_WORK ORDER_
Below is a listing. Return the lines from the one that contains "Apothecary Shop, founded" to the one that contains "Homki - Vente", both ends included, verbatim and with no pictures.

_THE DATA_

• • • • •

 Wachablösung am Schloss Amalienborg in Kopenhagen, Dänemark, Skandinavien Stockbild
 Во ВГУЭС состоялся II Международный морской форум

• • • • •

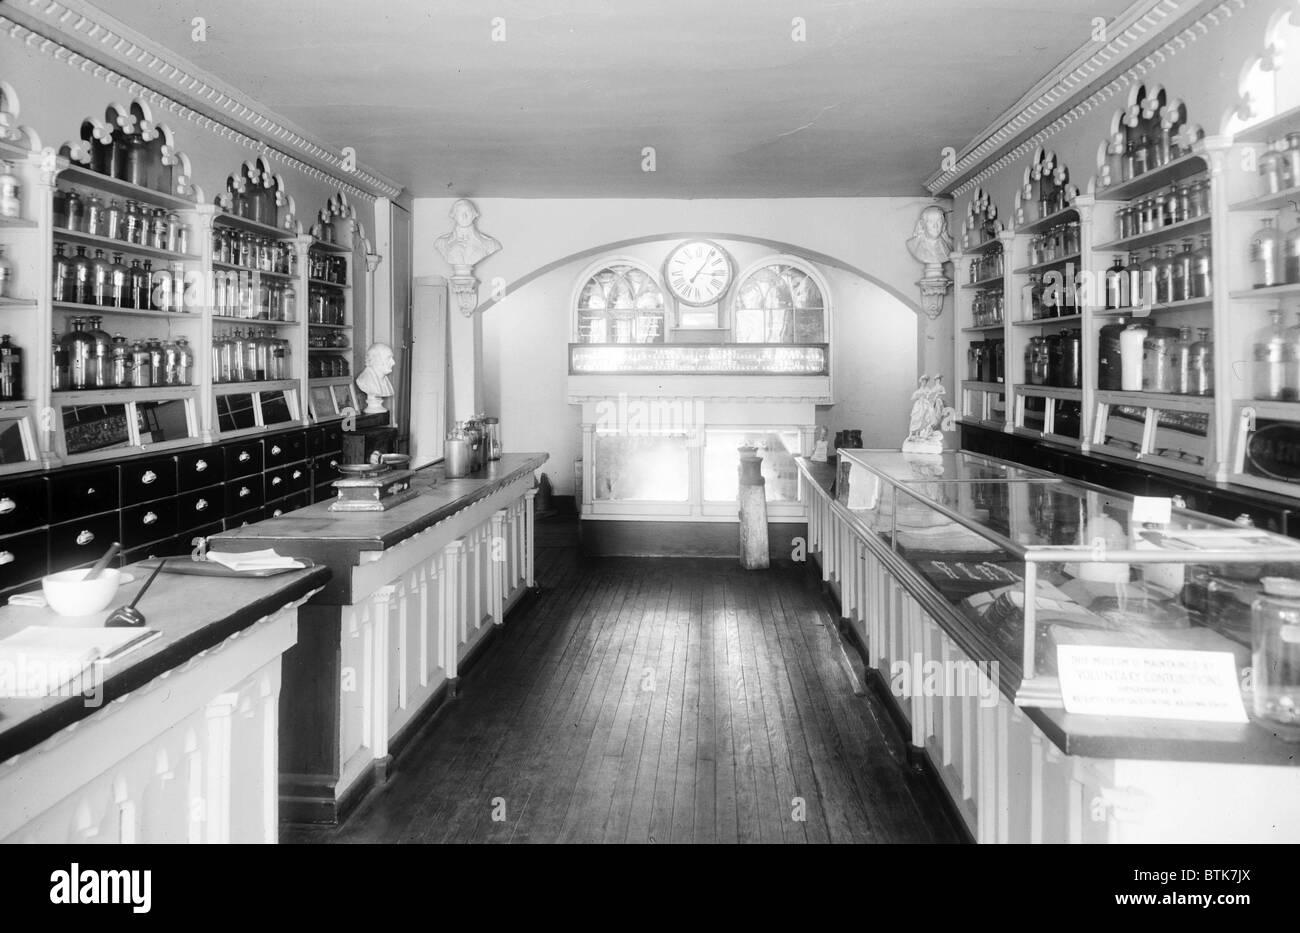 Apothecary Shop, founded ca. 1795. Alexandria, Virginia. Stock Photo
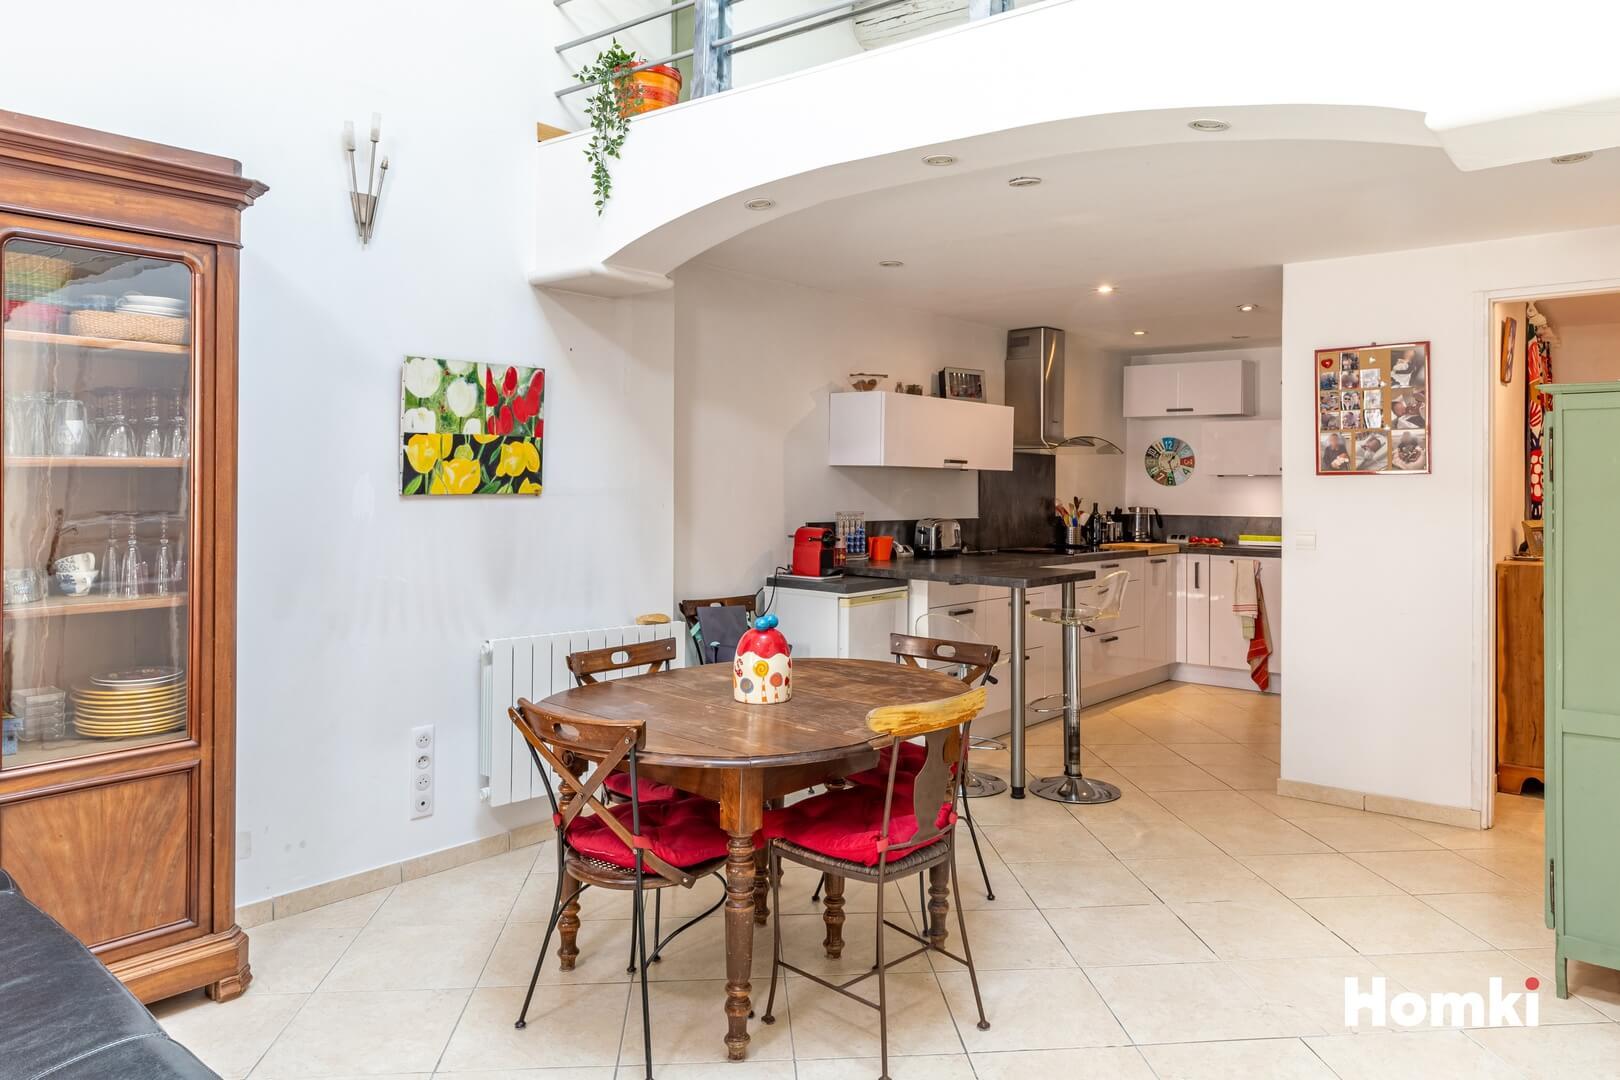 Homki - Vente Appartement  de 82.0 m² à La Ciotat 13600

• • • • •

_PROBLEM SOLUTION_
 Apothecary Shop, founded ca. 1795. Alexandria, Virginia. Stock Photo
 Homki - Vente Appartement  de 82.0 m² à La Ciotat 13600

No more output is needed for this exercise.